Song of Farca plays sort of like a visual novel with puzzle gameplay elements. As a private investigator under house arrest, living in this cool city on a Mediterranean island, we solve a series of cases loosely connected by recurring characters while working remotely all the time. Fortunately, she has access to technologies that allow her to hack everything out there in the blink of an eye (don't ask how it works) and even has this super AI helper which she wrote herself from scratch! Future, man.
The main minigame is hacking security cameras and drones to get evidence and intel. This gets slightly more complex as you progress, but the only really difficult part of the game might be figuring out passwords, which involves sometimes rather abstract puzzles (but there is a hint system).

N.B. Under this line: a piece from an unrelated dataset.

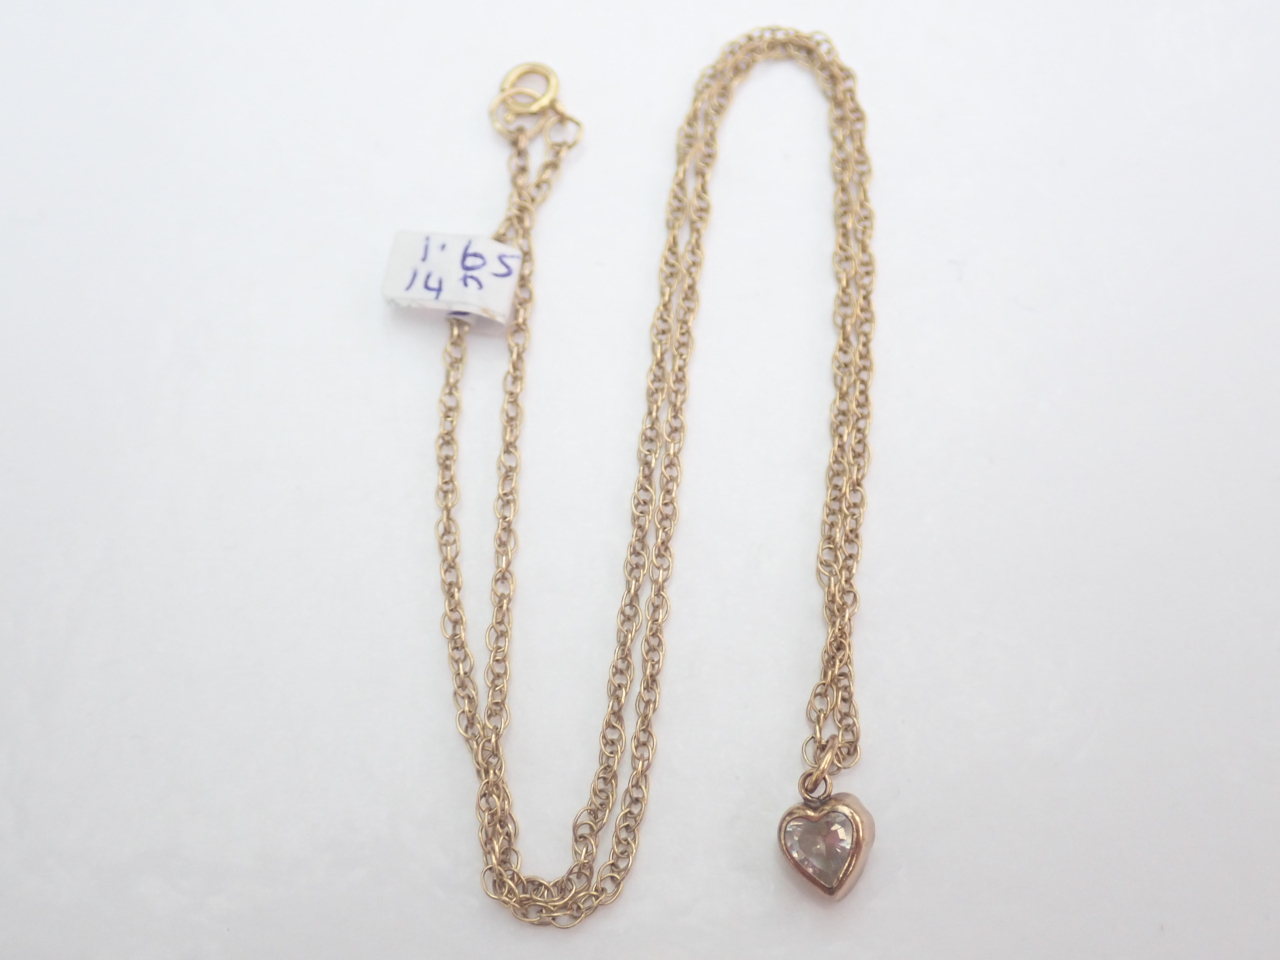 Cubic Zirconia Heart Pendant 375 9k - 14 inch 9k gold Chain
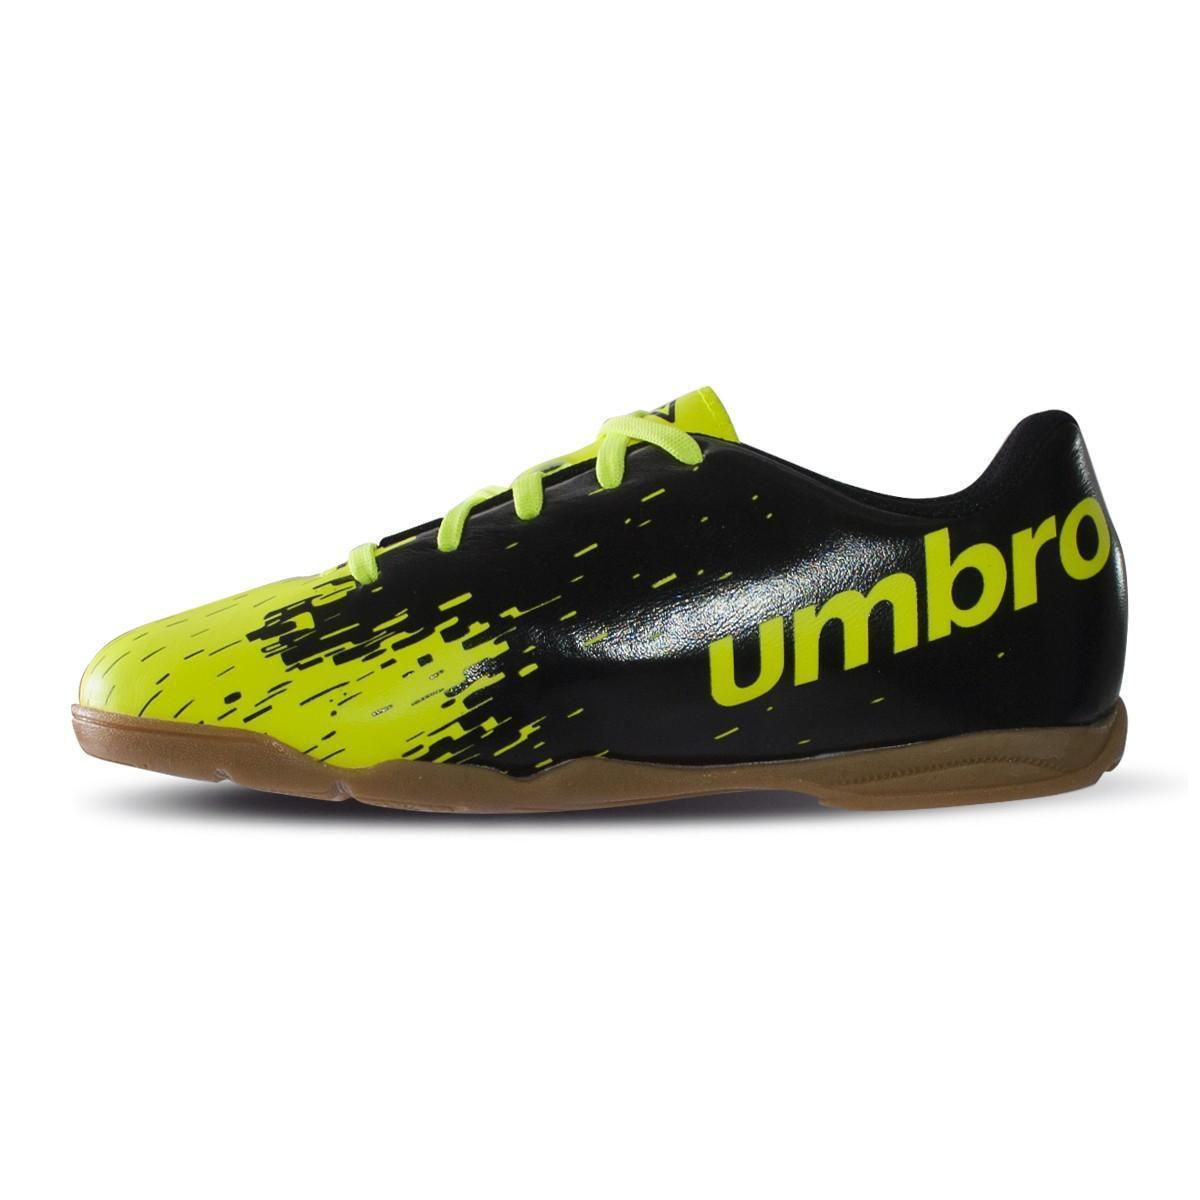 Chuteira Futsal Umbro Acid Jr - Limão/Preto

Collected data is then used to construct arguments during conversations - which is impossible to fail since there is an infinite number of retries until you get it right. The only irreversible parts are occasional choices, which may affect the story in a minor way, although most choices are rather illusory. For example, in early cases, the game forces the player to incriminate basically a random person out of three, based on a "hunch" due to a lack of hard evidence (great detective work indeed...), or choose to make or not make a deal with a blackmailer - but then it's mostly meaningless anyway, even when subplots return later. For the most part, it's linear and only a few decisions matter.
I found the protagonist likable and the storytelling quite involving, each chapter/case being like a separate episode of a TV series, but with this bigger picture constantly forming in the background and culminating in an intense finale. It's really fairly nicely put together, which is important because with repetitive and simplistic gameplay, it's mostly the story that keeps the player interested.
The dialogs, I assume, weren't written by native English speakers because they feel awkward at times.
The music is pretty good and fitting, but it could have more tracks, though.
While it's not perfect, I enjoyed it very much.